**What you should do:** Since the pictures are not wanted, retype the listing below exactly and without them.

**Data excerpt:**
-=-=-=-=-

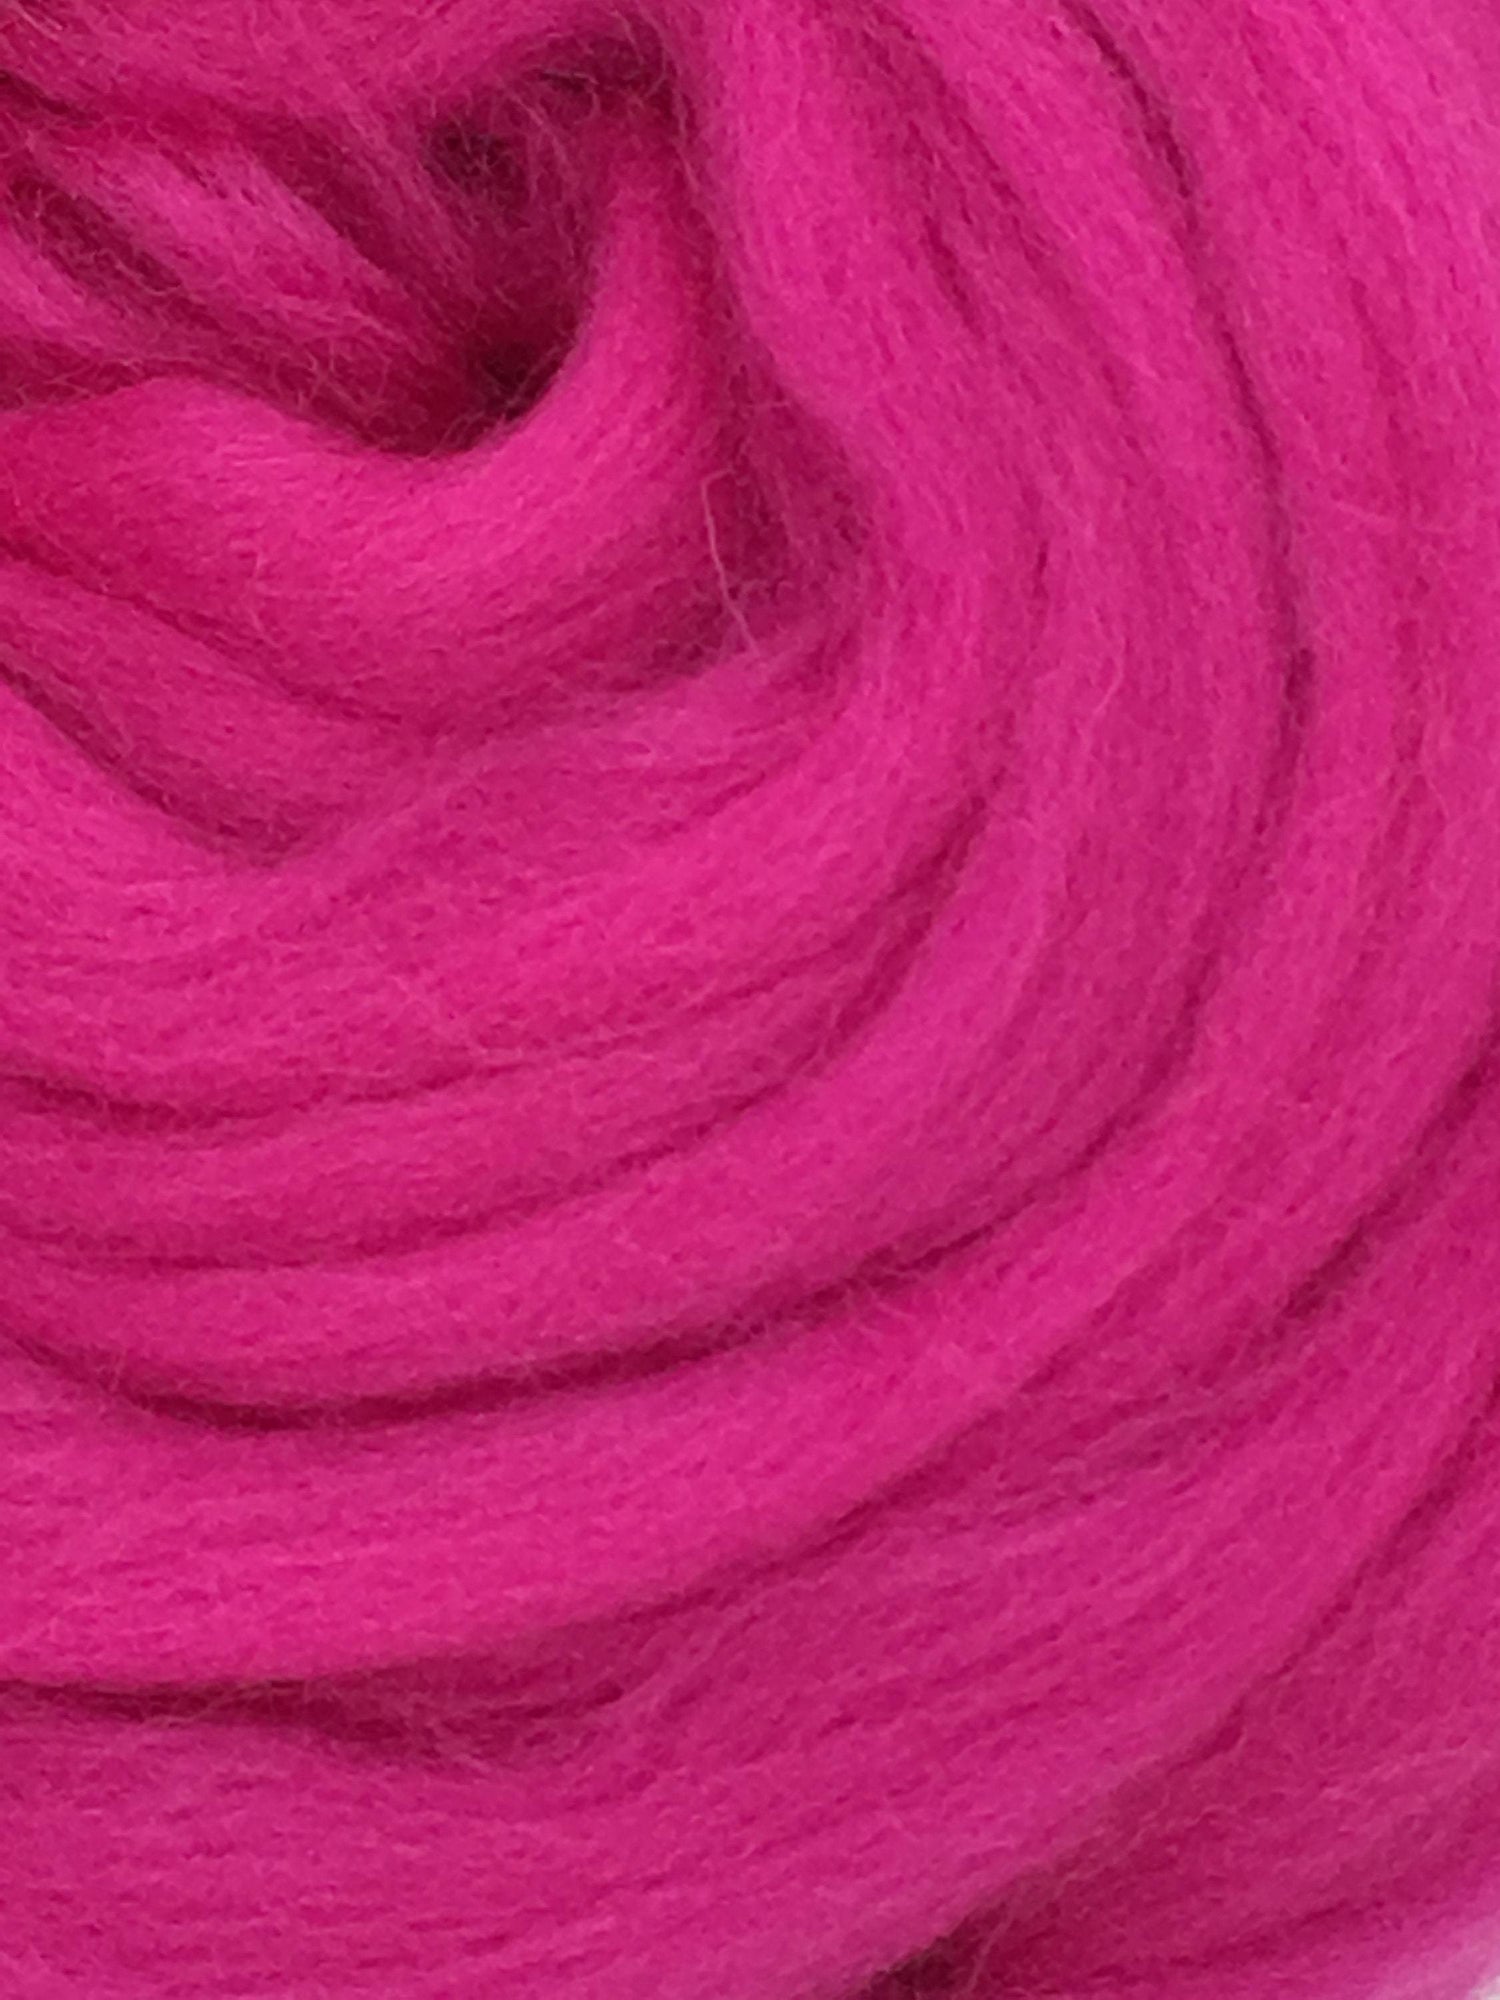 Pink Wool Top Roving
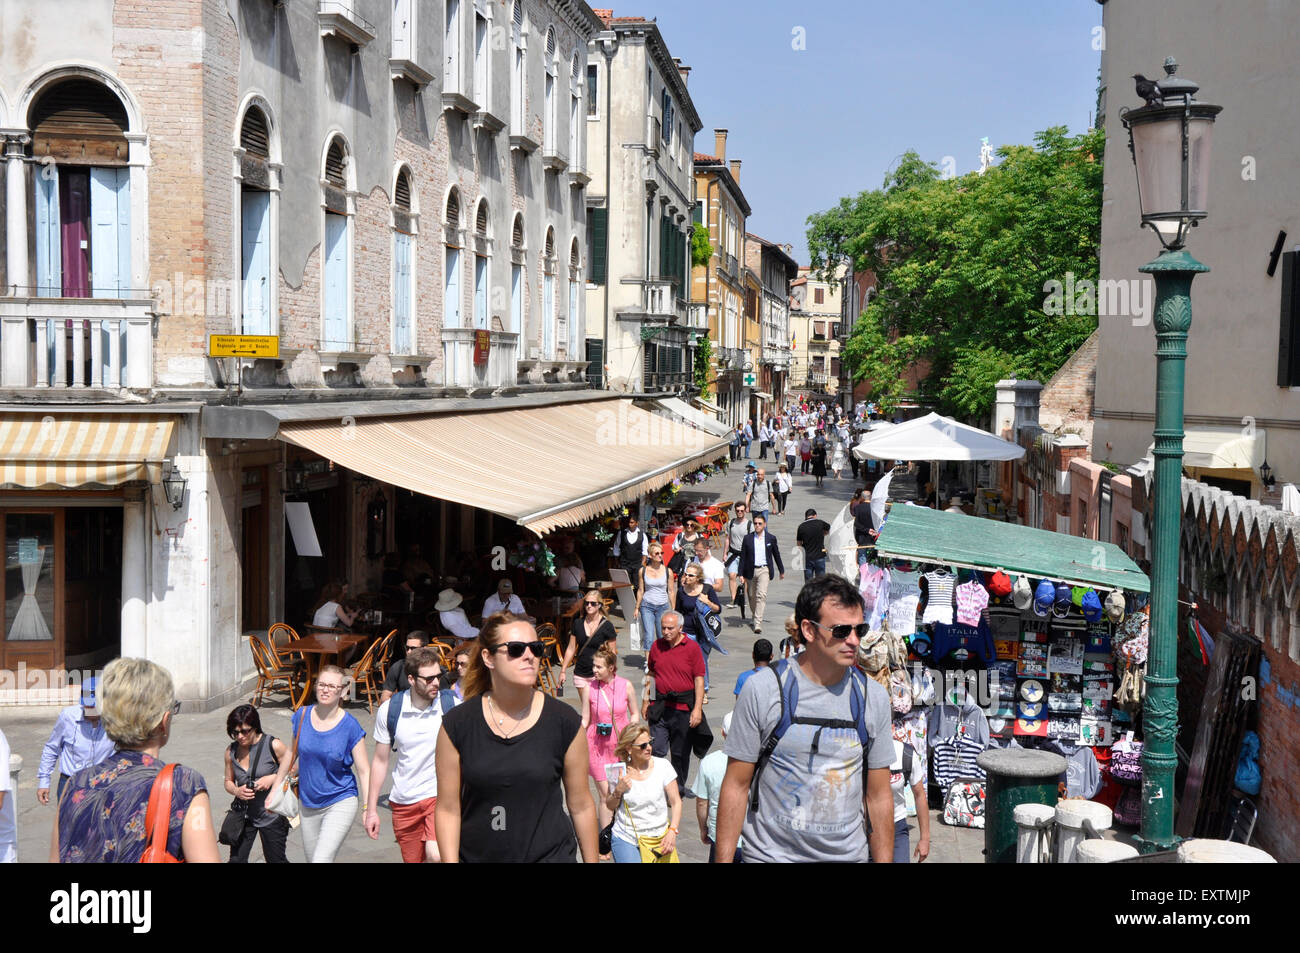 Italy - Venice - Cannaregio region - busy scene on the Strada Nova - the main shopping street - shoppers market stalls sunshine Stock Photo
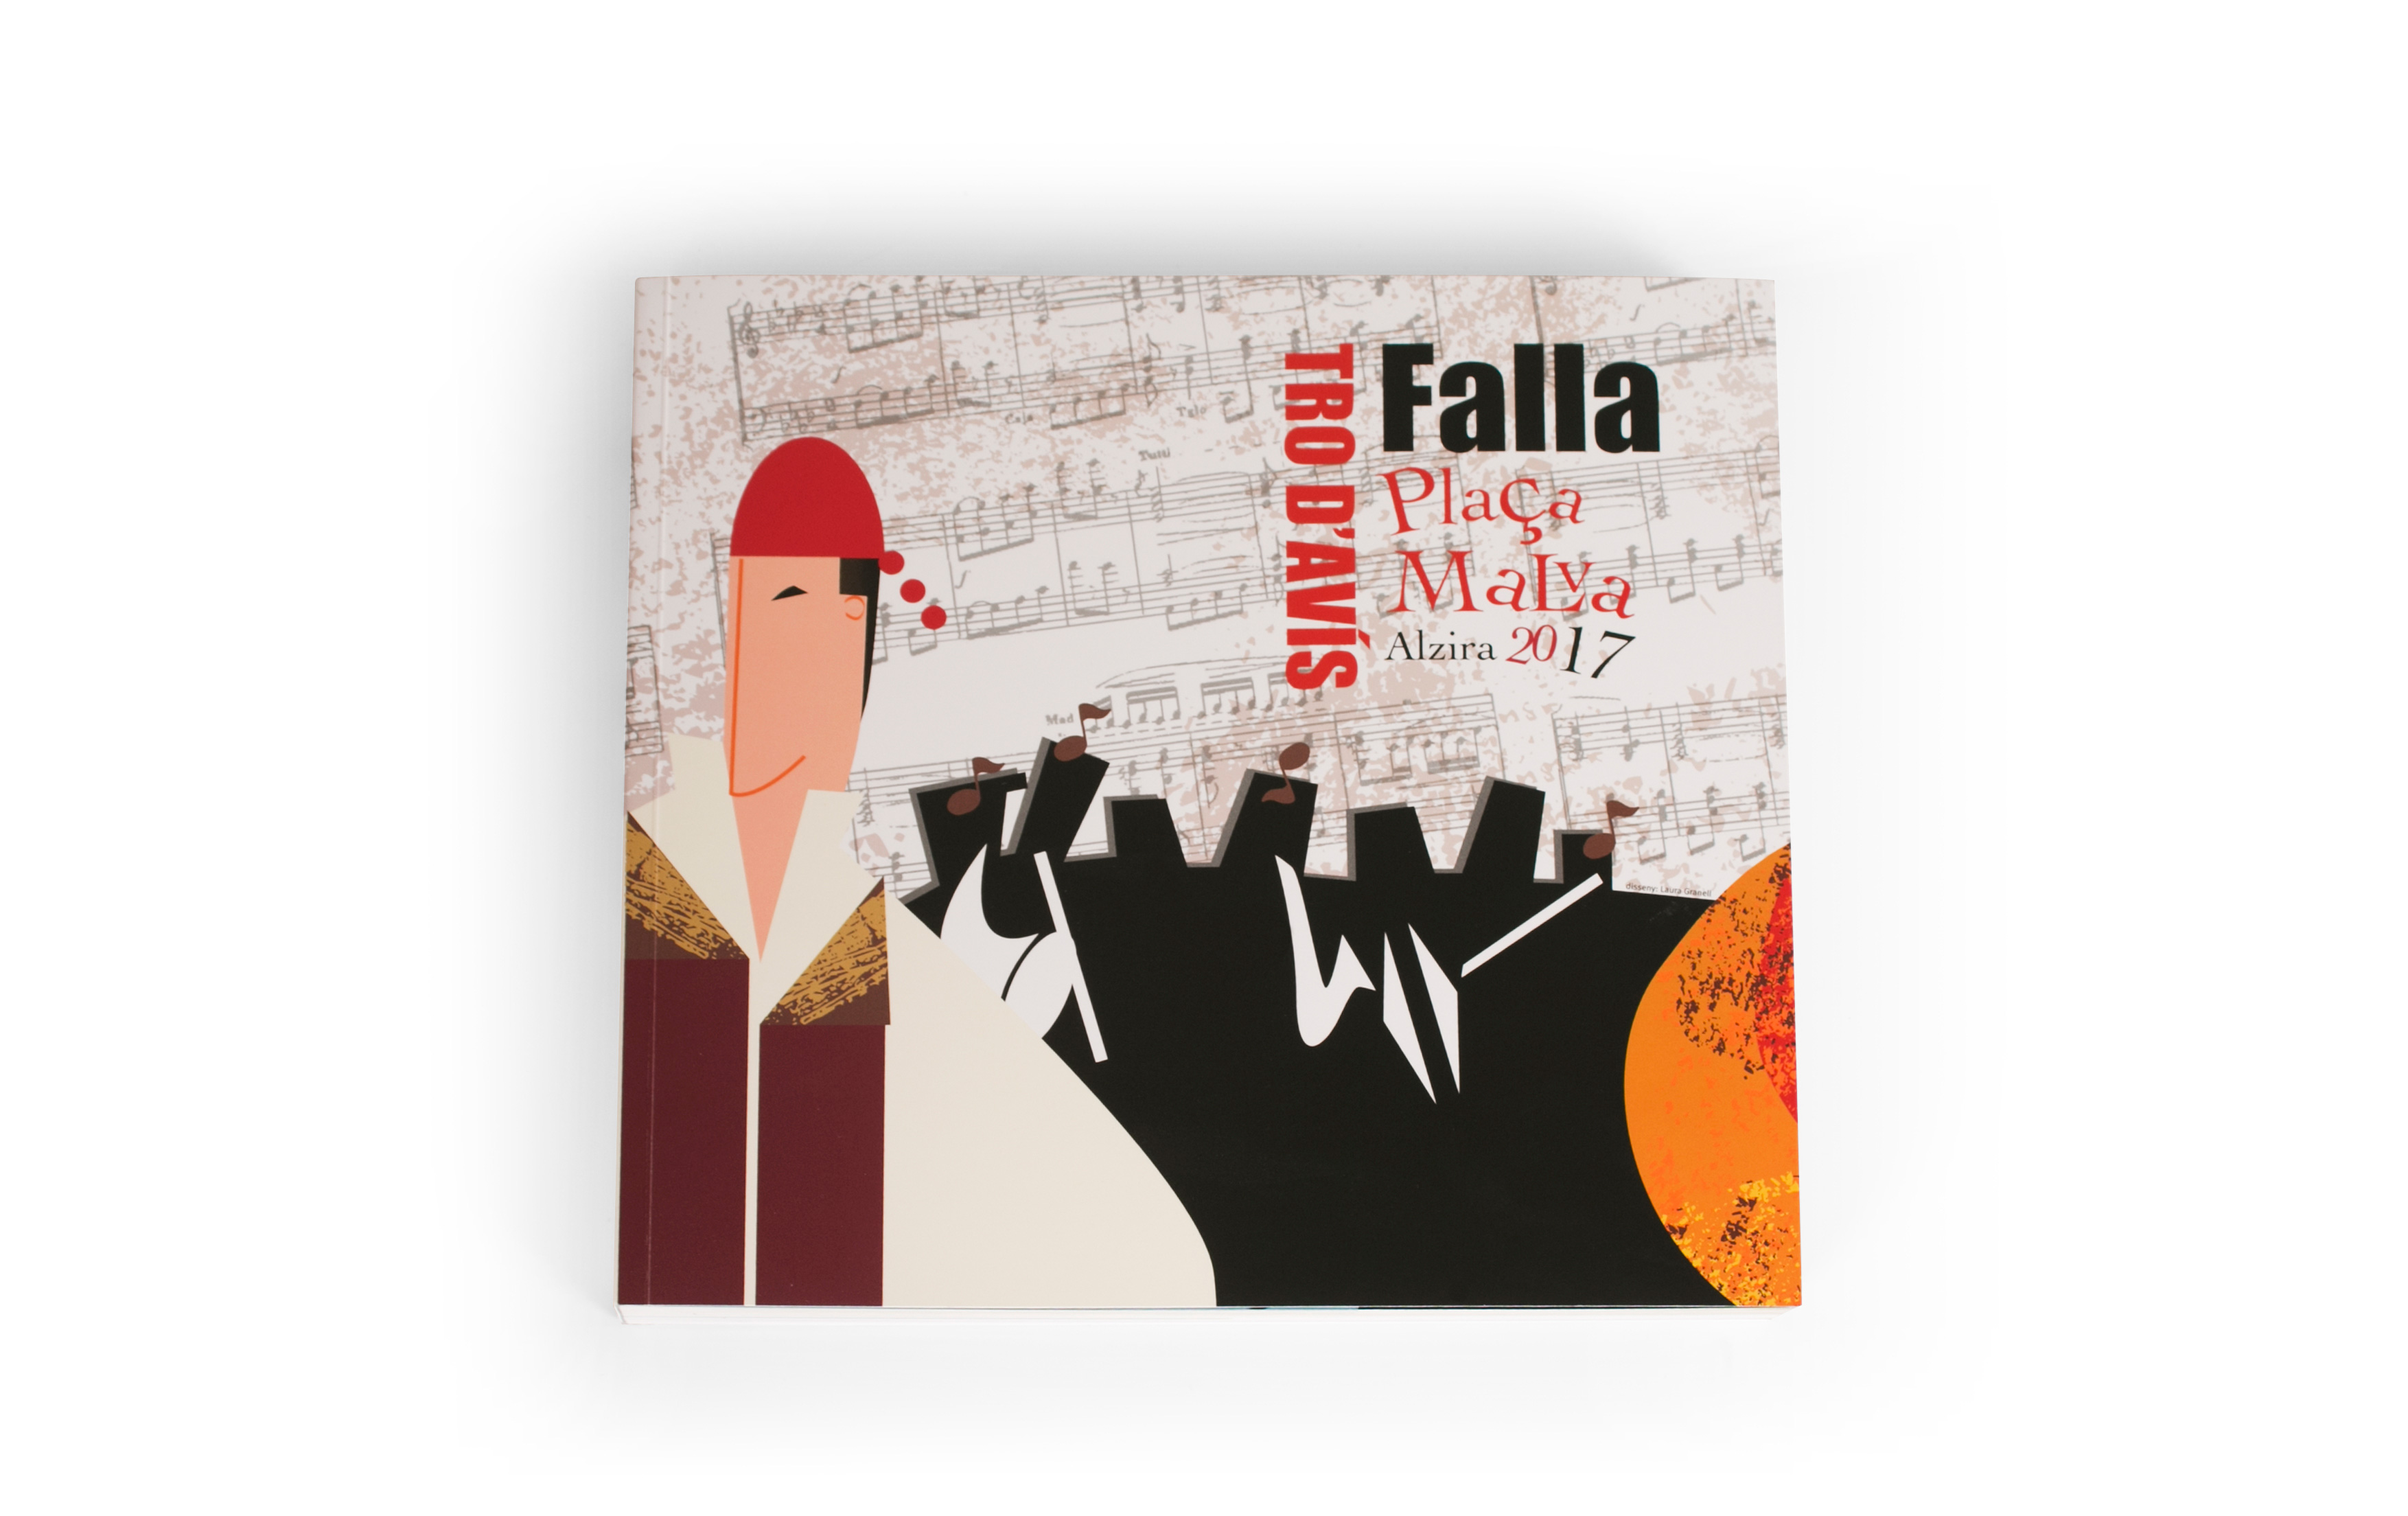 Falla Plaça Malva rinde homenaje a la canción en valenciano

-=-=-=-=-

**Exercise solution:**
 Pink Wool Top Roving
 Italy - Venice - Cannaregio region - busy scene on the Strada Nova - the main shopping street - shoppers market stalls sunshine Stock Photo
 Falla Plaça Malva rinde homenaje a la canción en valenciano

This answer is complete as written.